● **Task brief**
Reproduce only what runs from the line containing "The yellow hot air popcorn popper" to the line containing "Dollar Tree will" in the records below, inclusive. Keep it exact, and keep the pictures out.

● **Given entries**
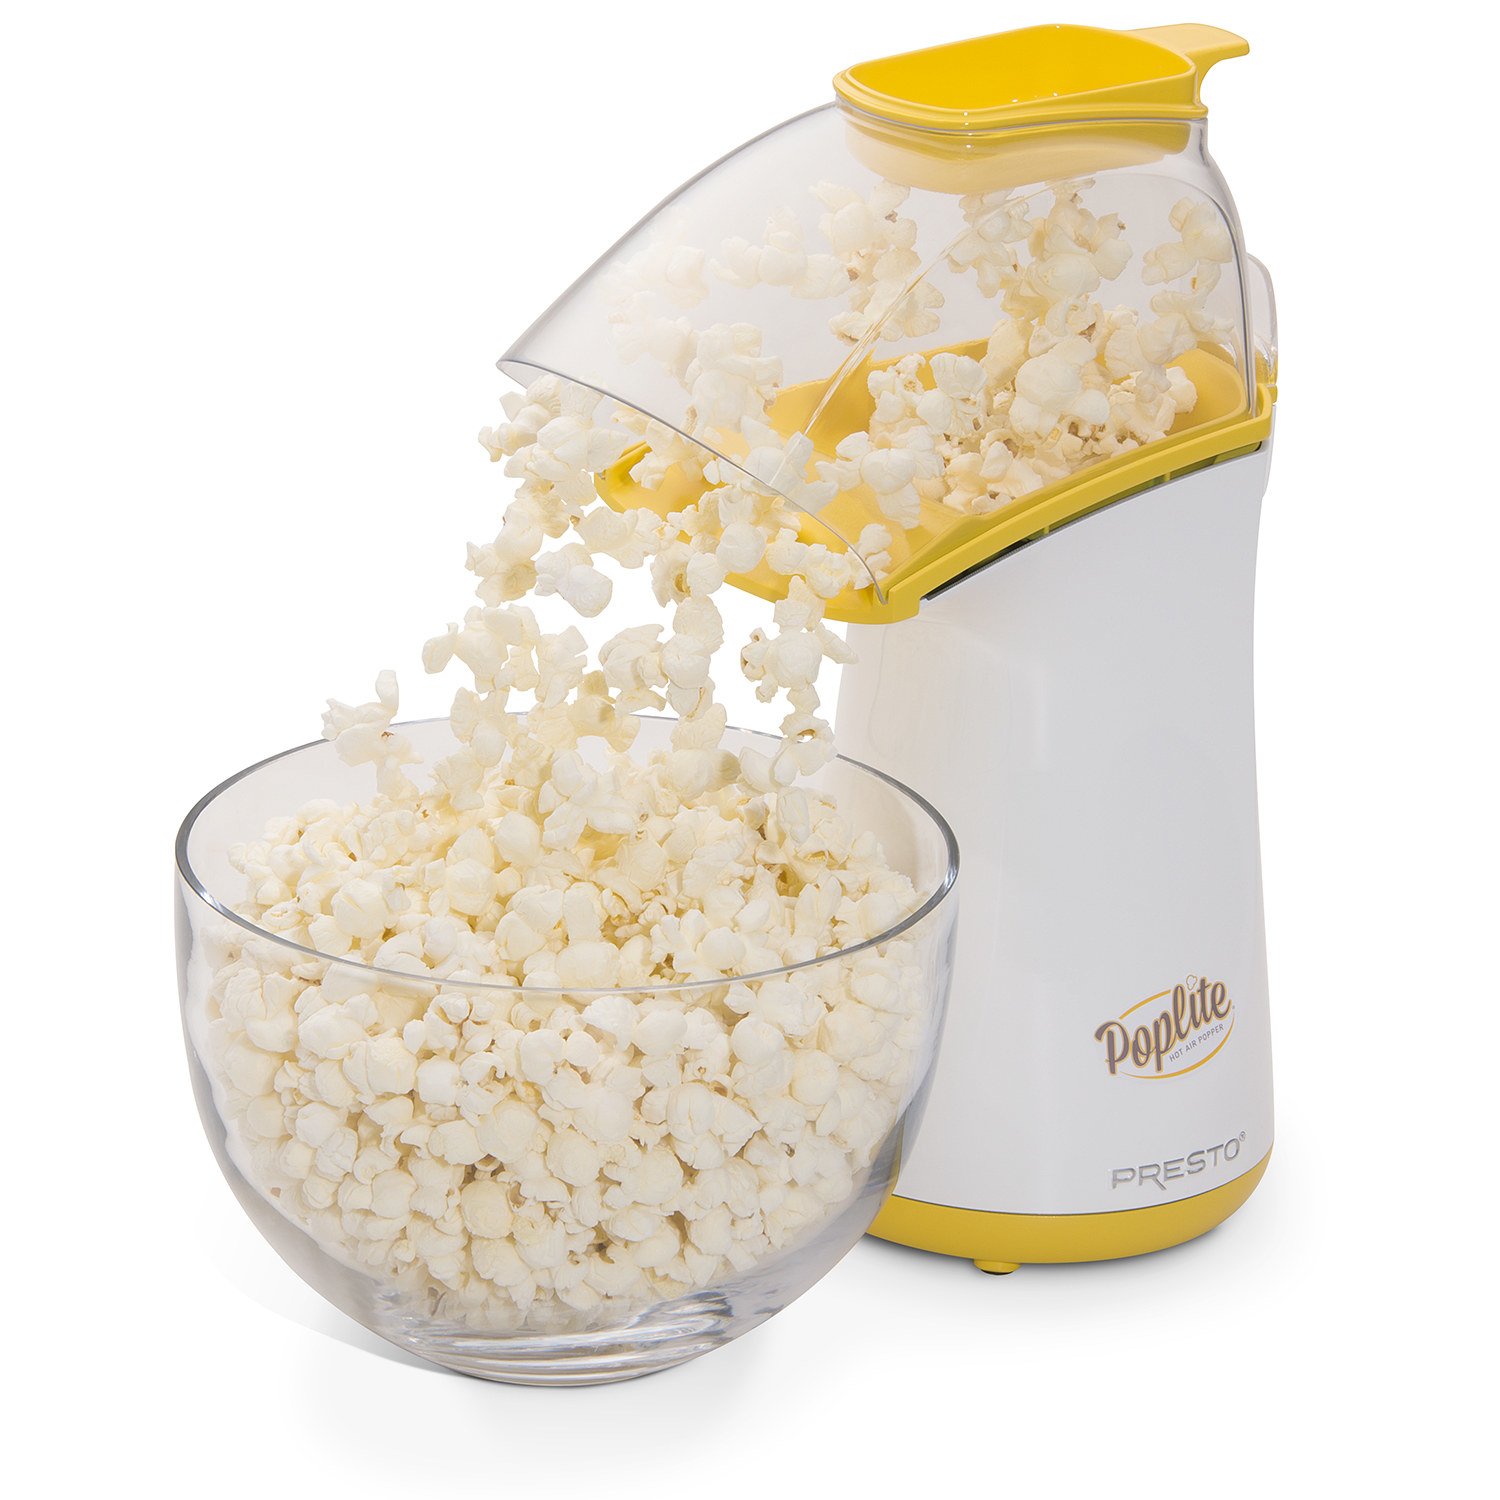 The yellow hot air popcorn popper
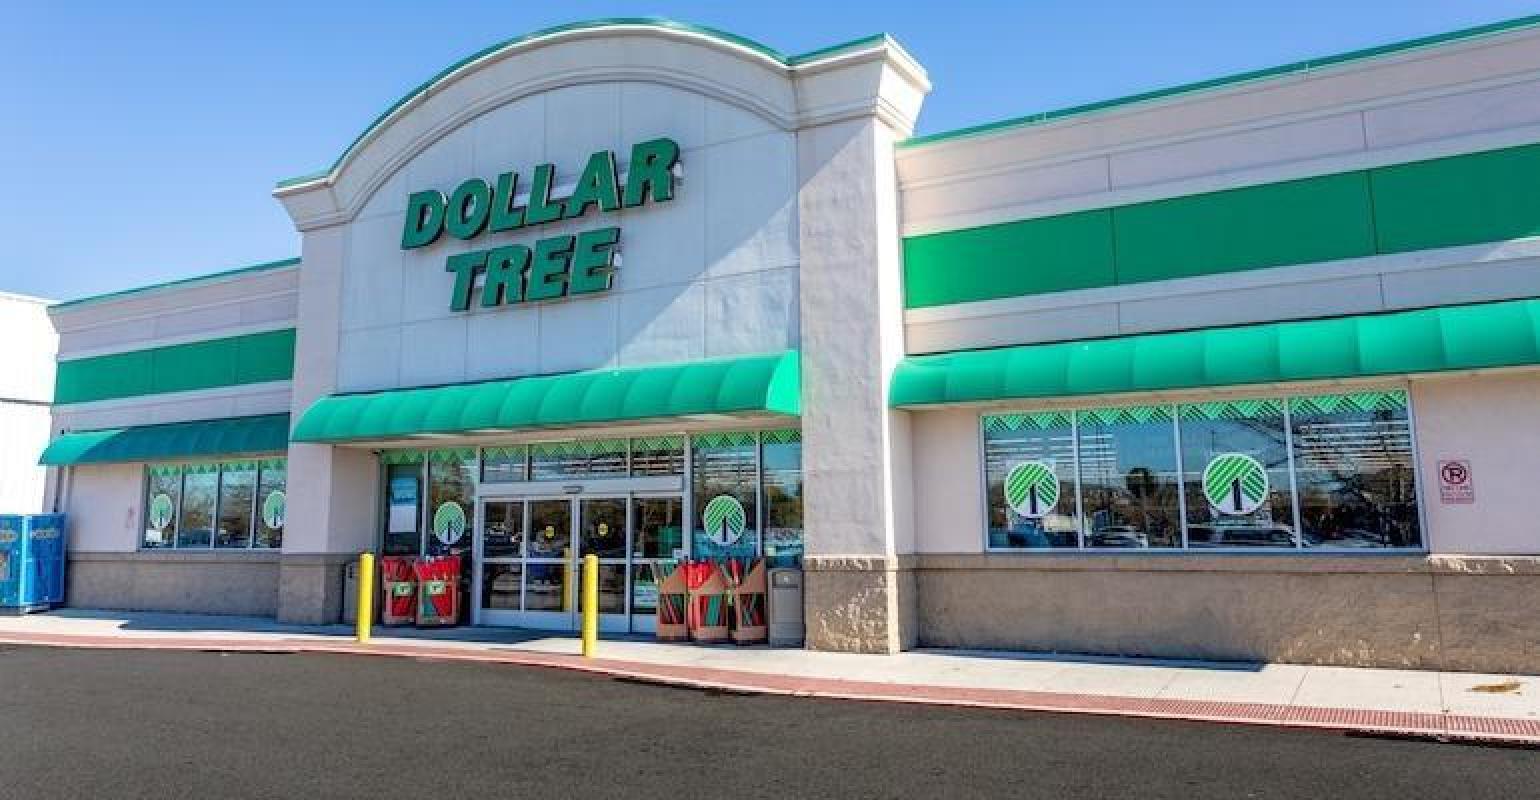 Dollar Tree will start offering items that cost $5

---

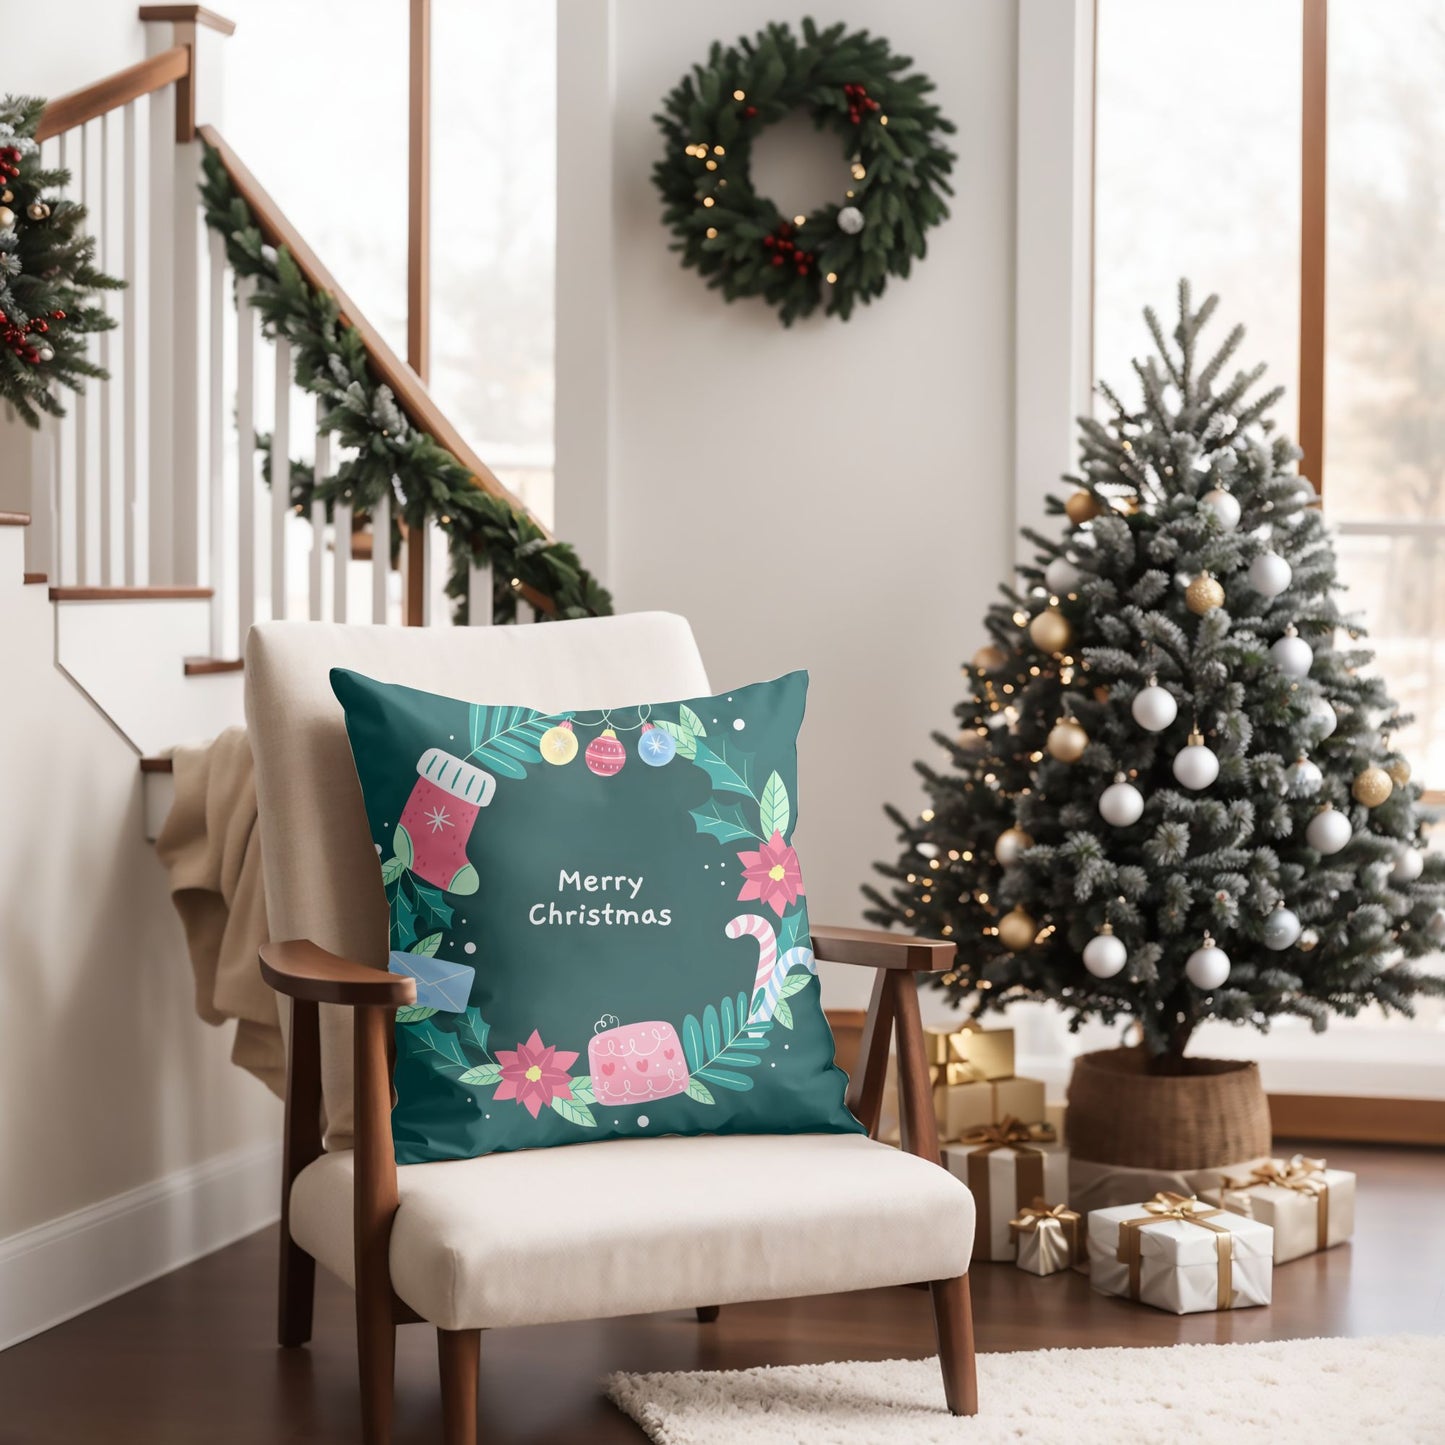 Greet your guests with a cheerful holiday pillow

● **Response**
 The yellow hot air popcorn popper
 Dollar Tree will start offering items that cost $5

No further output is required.